%%

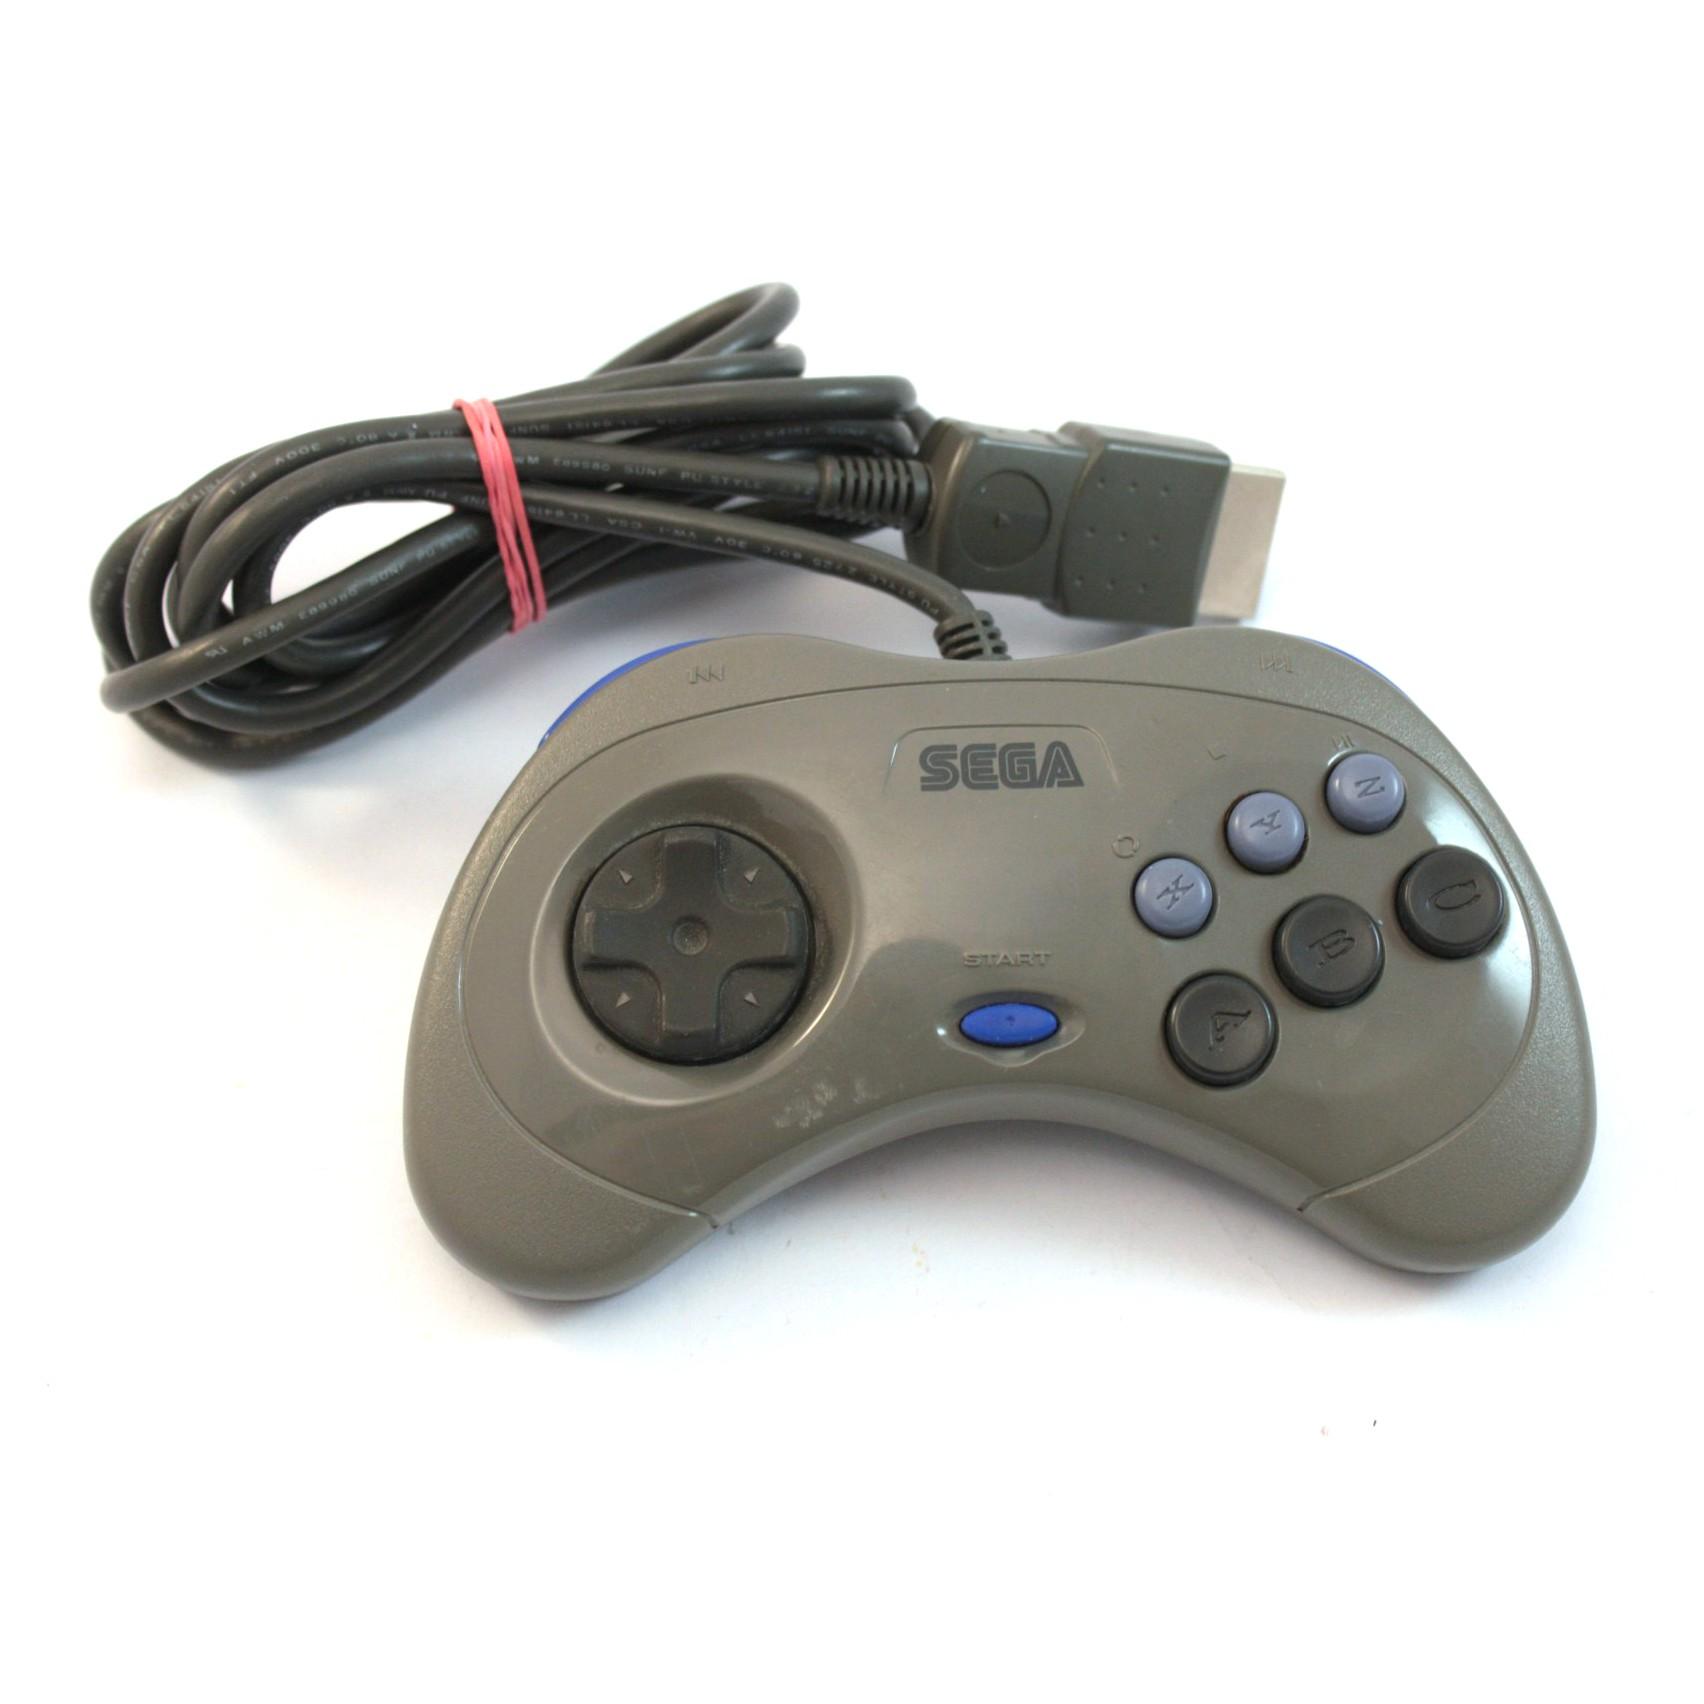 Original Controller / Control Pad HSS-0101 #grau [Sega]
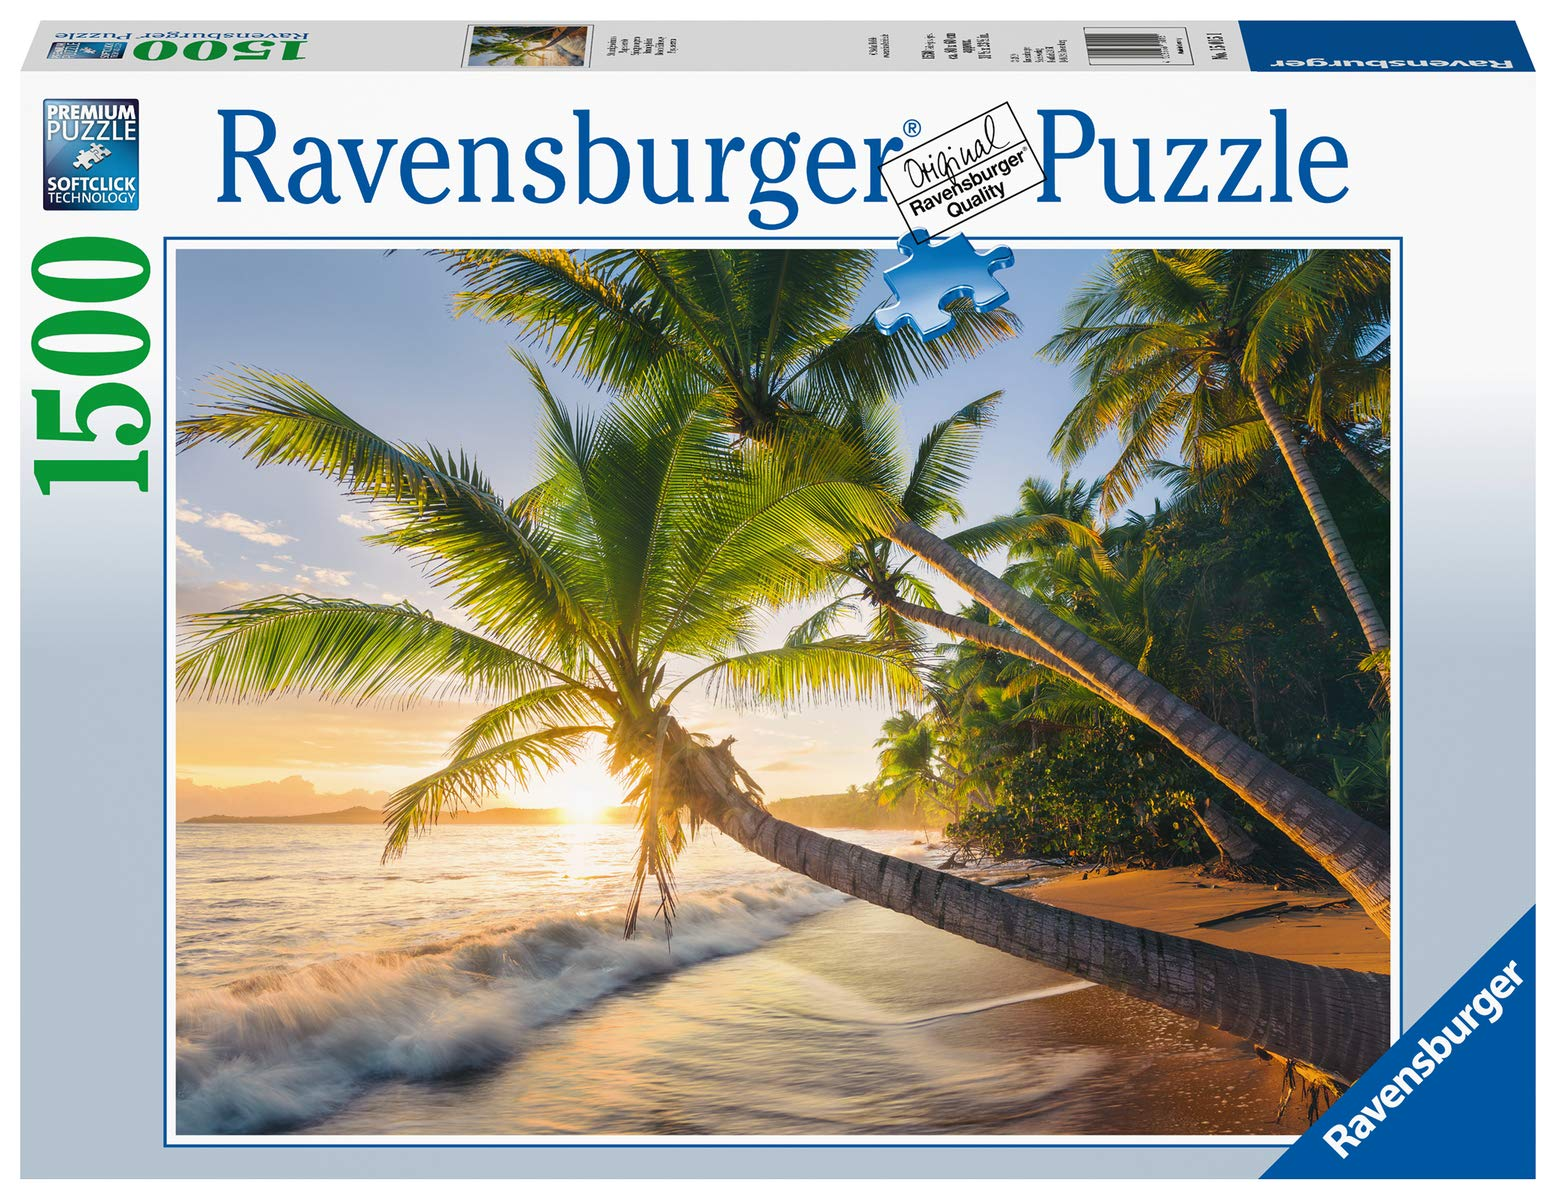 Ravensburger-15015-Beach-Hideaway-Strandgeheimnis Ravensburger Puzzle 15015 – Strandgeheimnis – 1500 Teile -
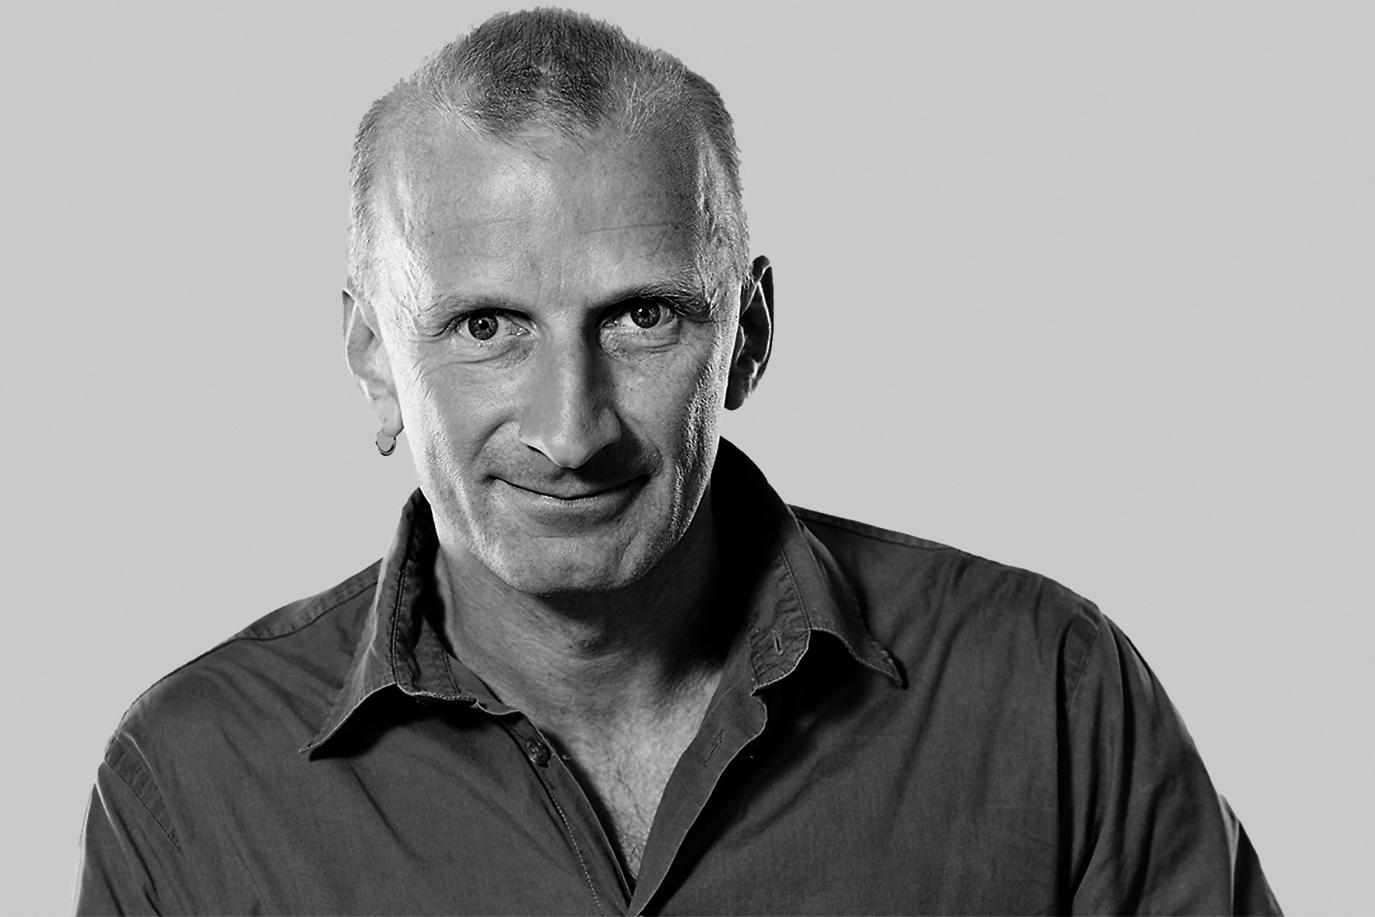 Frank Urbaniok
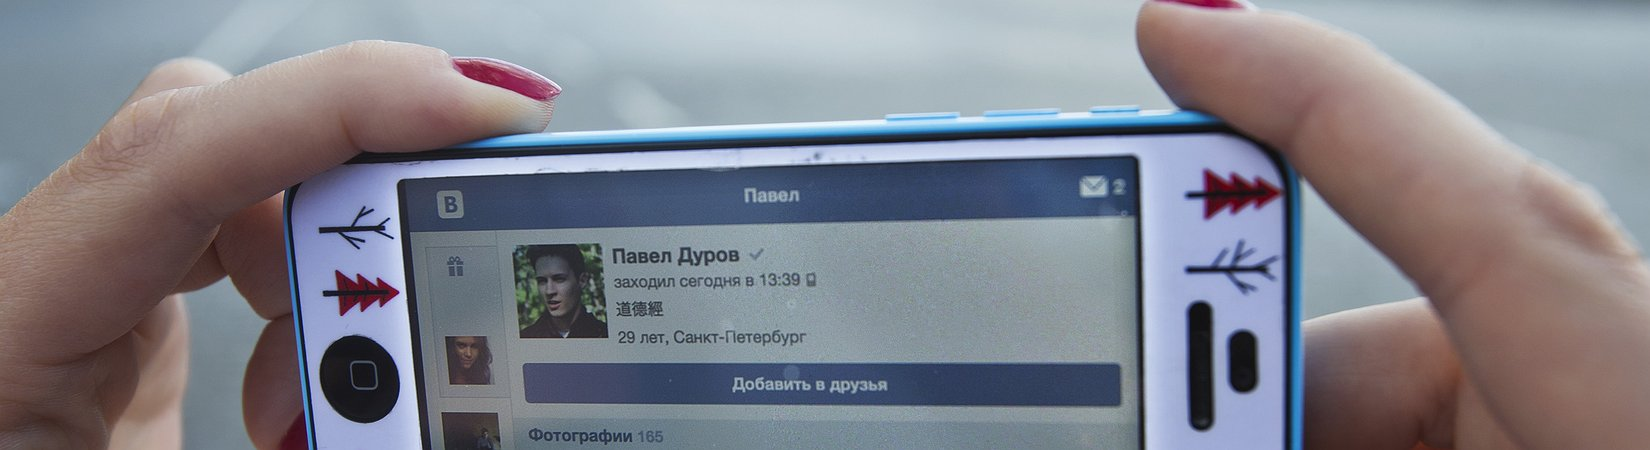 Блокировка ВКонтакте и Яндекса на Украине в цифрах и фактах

%%

Work instruction: Output all of the data exactly as it stands, minus any images.

Your response:
 Original Controller / Control Pad HSS-0101 #grau [Sega]
 Ravensburger-15015-Beach-Hideaway-Strandgeheimnis Ravensburger Puzzle 15015 – Strandgeheimnis – 1500 Teile -
 Frank Urbaniok
 Блокировка ВКонтакте и Яндекса на Украине в цифрах и фактах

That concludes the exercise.